**TASK STATEMENT:**
Please write out all of the data below exactly, without including the pictures.

(INFORMATION SHOWN)

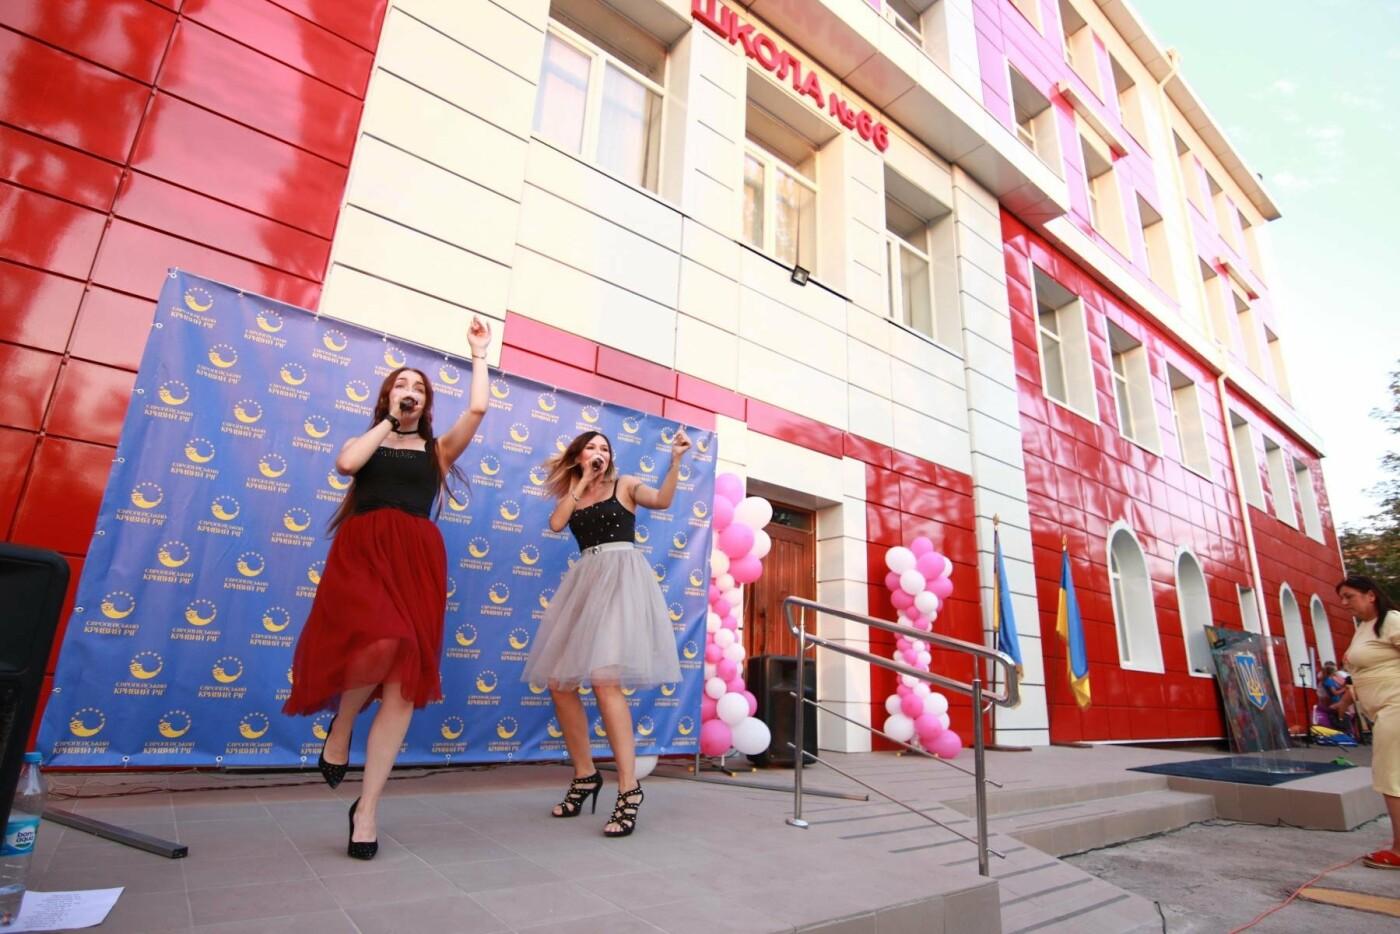 Малиновое настроение: нардеп Усов открыл после реконструкции школу № 66 в Кривом Роге, фото-3
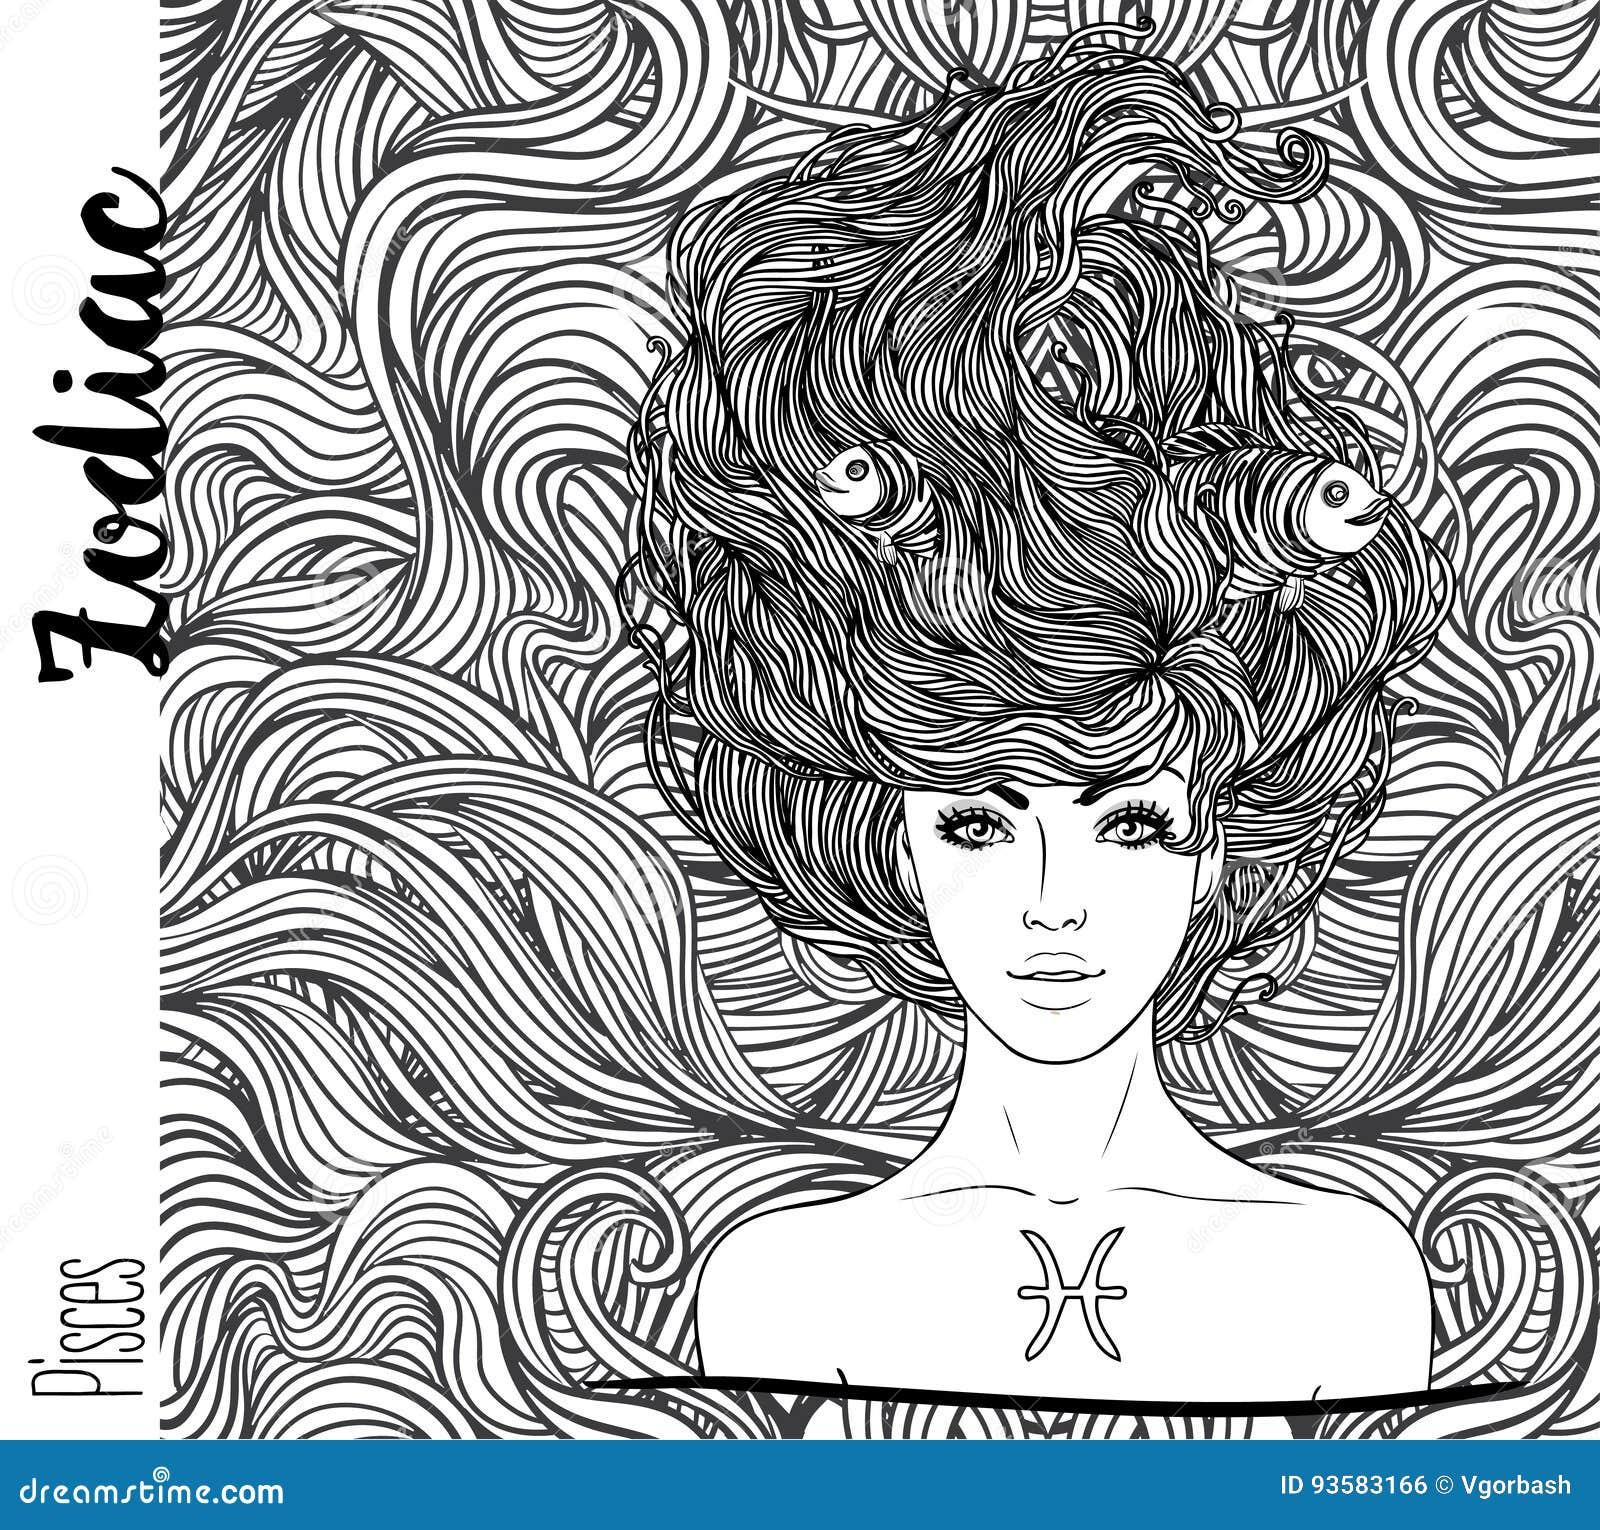 Zodiaco: Illustrazione del segno dello zodiaco di pesci come bella ragazza
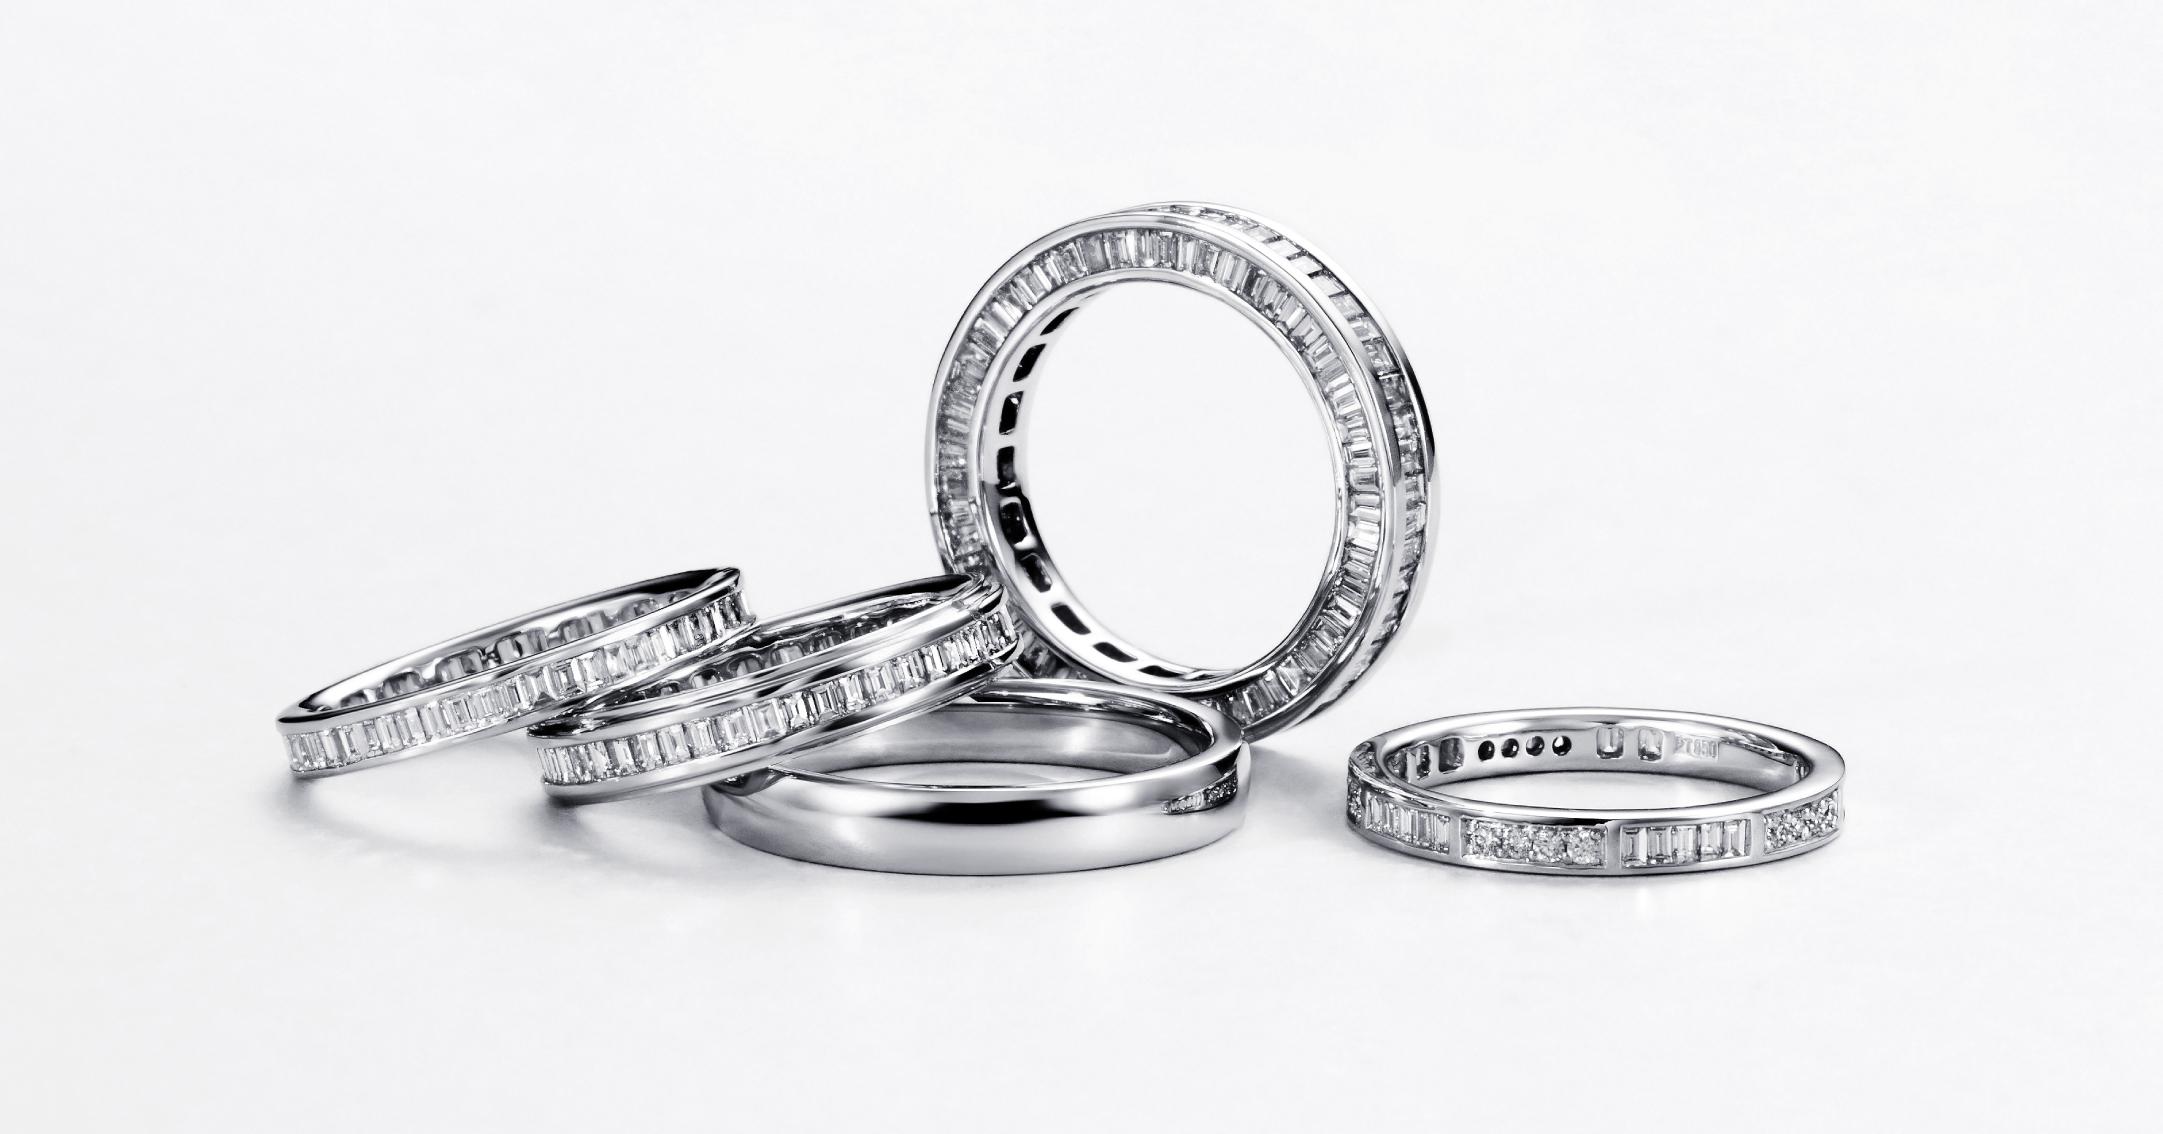 高品質なダイヤと職人の匠の技による上質な輝き

(End INFORMATION SHOWN)

**RESPONSE TO THE TASK:**
 Малиновое настроение: нардеп Усов открыл после реконструкции школу № 66 в Кривом Роге, фото-3
 Zodiaco: Illustrazione del segno dello zodiaco di pesci come bella ragazza
 高品質なダイヤと職人の匠の技による上質な輝き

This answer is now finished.